This repository is accompanies “Pattern-Based Clustering of Daily Weigh-In Trajectories using Dynamic Time Warping” (DOI : 10.1111/biom.13773). The aim of the paper was to use Dynamic Time Warping, a shape-based clutering method, to cluster binary trajectories and evaluate patterns. Study data is not made publically available, however simulated data to resemble the study data is used and shared in this repository.
We first load necessary libraries and source files that clean the study data that is used to simulate clusters. The simulated dataset can be accessed in the Data/DataSimulated folder.
### Libraries
library(tidyverse)
library(ggplot2)
library(dtwclust) # cluster time series with dynamic time warping
library(ecodist) # distance function for jaccard
library(kableExtra)
### Source files
source("Code/01_CleanStudyData.R")
source("Code/02_SimulateClusters.R")
We plot the binary adherence of each participant stratified by their true cluster assignment. In the plot below, black indicates a day in which the participant did not weigh in while yellow indicates a day in which the participant did weigh in. The plot is sorted by overall % adherence, with lowest adherence on the bottom.
#### Sort by % adherence
source("Code/ClusterHeatmap.R")
ggplot(sim_plot, aes(x = day, y = participant_id, fill = weighed_in)) +
geom_tile() + ggtitle("True Data Clusters and Mean Adherence %") +
theme(plot.title = element_text(hjust = 0.5)) +
scale_fill_viridis(discrete = TRUE, option="A") +
facet_wrap(~cluster_assignment, scales = "free", ncol = 5)

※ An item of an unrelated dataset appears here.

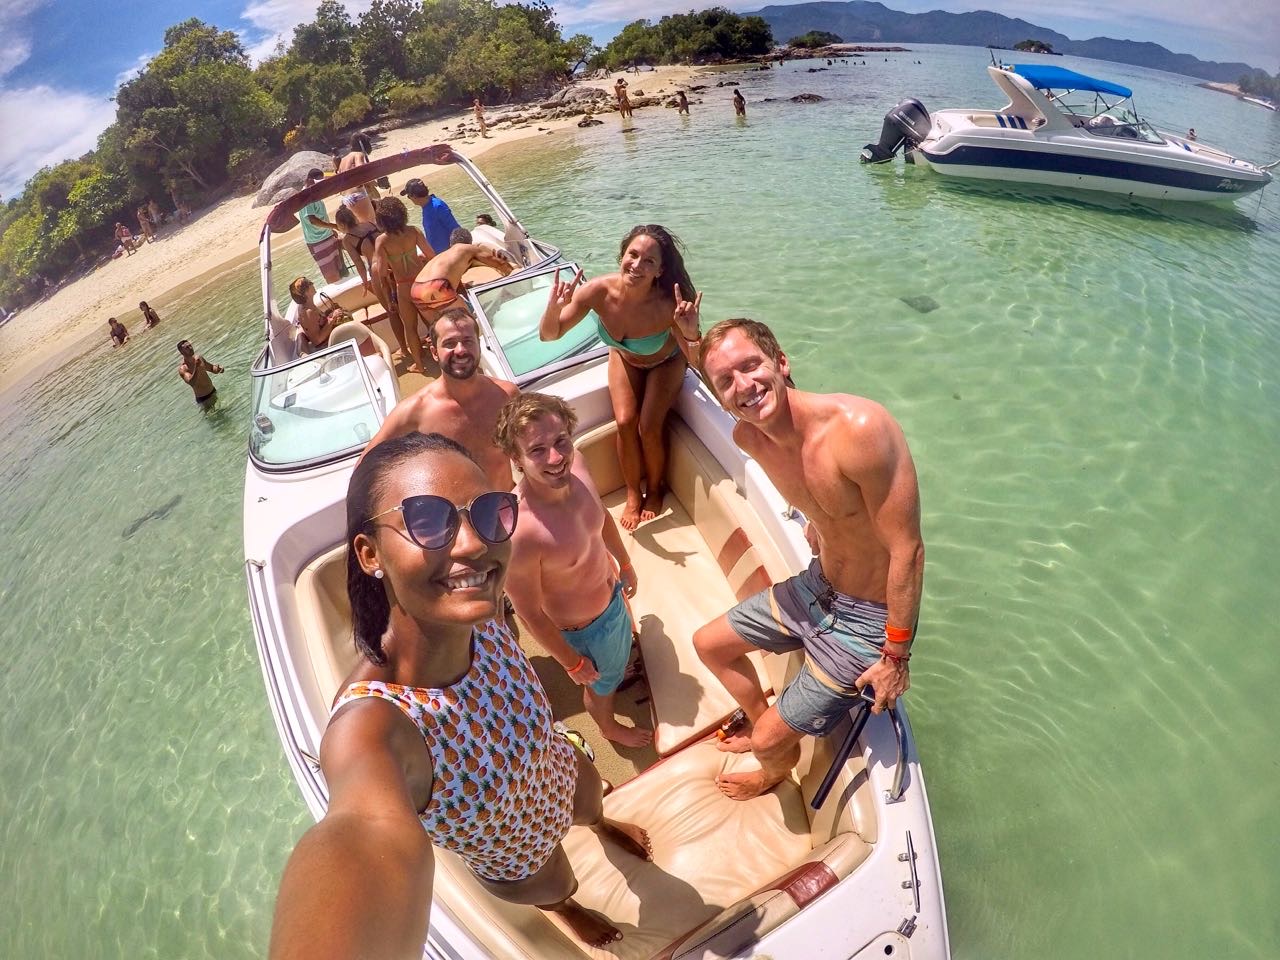 David Simpson and friends near the beach at speedboat tour in Ilha Grande, Brazil. Ilha Grande cures the hangover from hell

We use the Euclidan, Jaccard, and DTW distances in the paper to cluster on our binary data and a rolling probability window of the binary data.
### Using binary data
jac_dist <- distance(adherence_mat, method = 'jaccard')
dtw_dist <- dist(adherence_mat, method = 'dtw')
euc_dist <- distance(adherence_mat, method = 'euclidean')
The RollAvg.R code file provides a roll_avg
function that requires the
binary adherence matrix and a rolling window size. In this example we
calculate a 14-day rolling probability window.
### Using continuous data
source("Code/RollAvg.R")
roll_mat = roll_avg(adherence_mat, window = 14) # window size can be adjusted
jac_dist_roll <- distance(roll_mat, method = 'jaccard')
dtw_dist_roll <- dist(roll_mat, method = 'dtw')
euc_dist_roll <- distance(roll_mat, method = 'euclidean')
In the paper, we cluster under the average, single, complete, and Ward linkages. In this example, we cluster using the average linkage with the DTW distance using a 14-day rolling probability window. We define 5 clusters and the dendrogram below visualizes how the clusters are determined.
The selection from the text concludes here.